Unable to import extruded geometry mesh

I am considering a 3D geometry which is created by extruding a 2D one. The mesh by design should be a 2D one but extruded to 3D (prism element). However, it seems to be running into problem with conversion to dolfinx mesh. Below is an MWE that reproduces my problem. I would appreciate if someone could clarify my mistake.
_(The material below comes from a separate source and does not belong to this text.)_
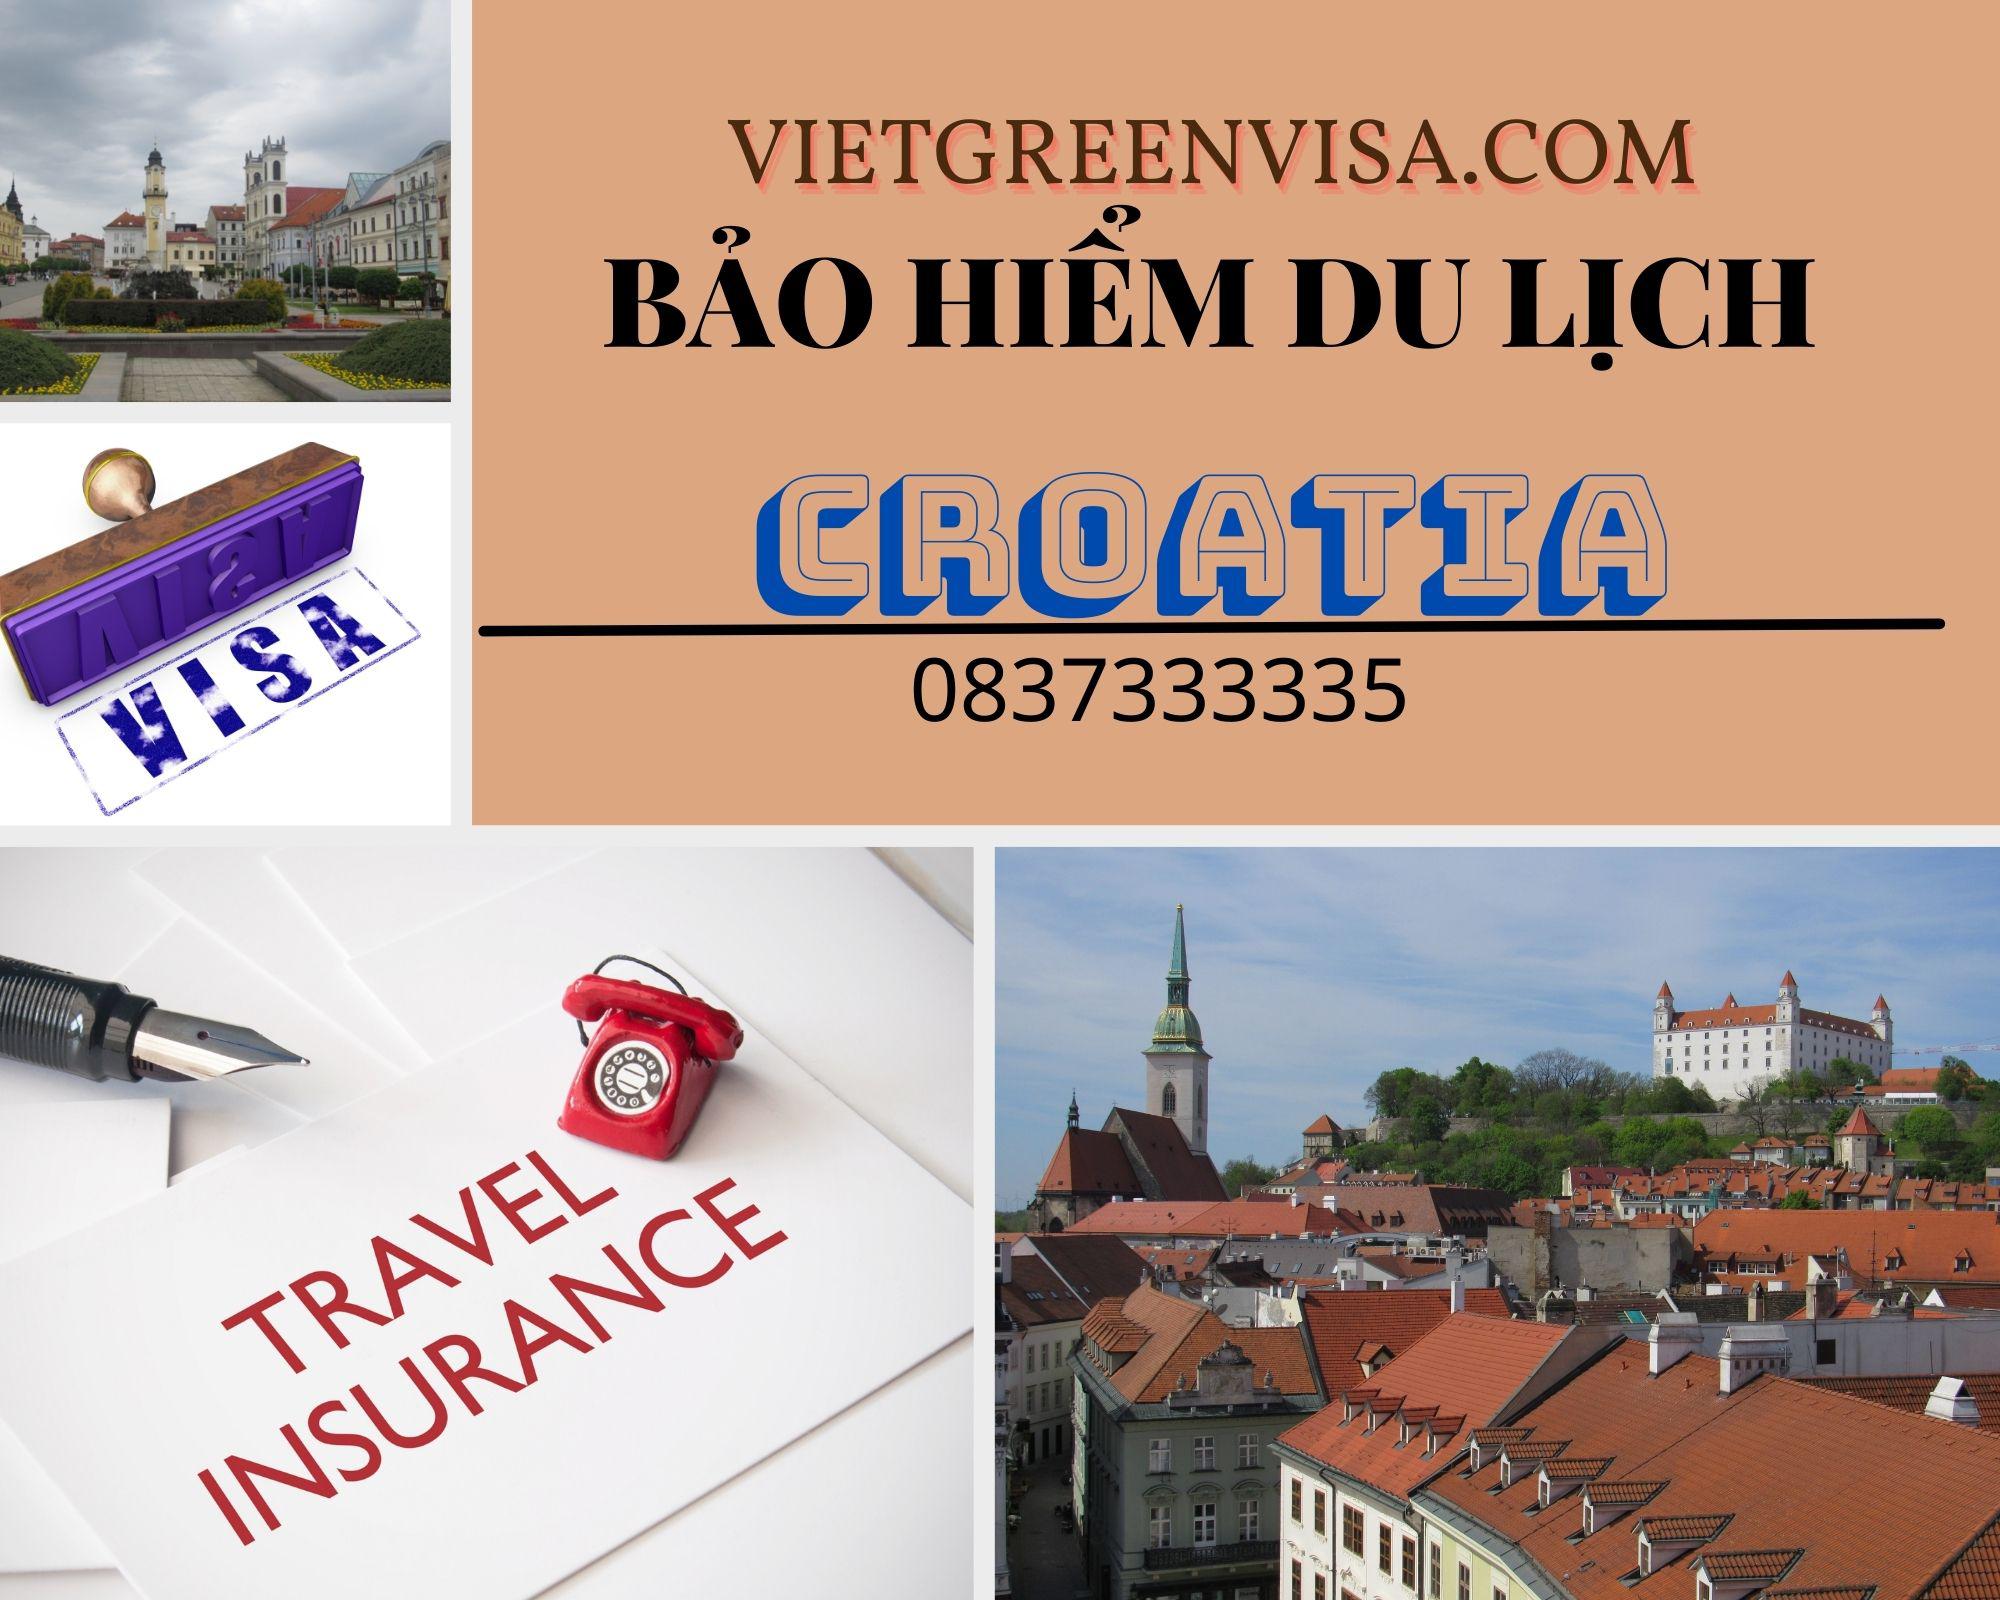 Hỗ trợ làm bảo hiểm du lịch đi Croatia giá rẻ nhất

I use the conda build of dolfinx 0.9

import gmsh, mpi4py
from dolfinx.io import gmshio

gmsh.finalize()
gmsh.initialize()
gmsh.option.setNumber("General.Terminal", 0) # disable output messages

occ = gmsh.model.occ

gdim = 2
rect1 = occ.addRectangle(0, 0, 0, 1, 1)

extruded = occ.extrude(
    [(gdim, rect1)],
    0, 0, 1,  # extrusion vector
    numElements=[1],  # only one element in extrusion direction
    recombine=True
)

occ.synchronize()

# add_sub physical tags
all_doms = occ.getEntities(gdim+1)
for j, dom in enumerate(all_doms):
    gmsh.model.addPhysicalGroup(dom[0], [dom[1]], j + 1)  # create the main group/node

# number all boundaries
all_edges = gmsh.model.getEntities(gdim)
for j, edge in enumerate(all_edges):
    gmsh.model.addPhysicalGroup(edge[0], [edge[1]], edge[1])  # create the main group/node

gmsh.model.mesh.generate(gdim+1)

mpi_rank = 0
mesh, ct, ft = gmshio.model_to_mesh(gmsh.model, mpi4py.MPI.COMM_WORLD, mpi_rank, gdim+1)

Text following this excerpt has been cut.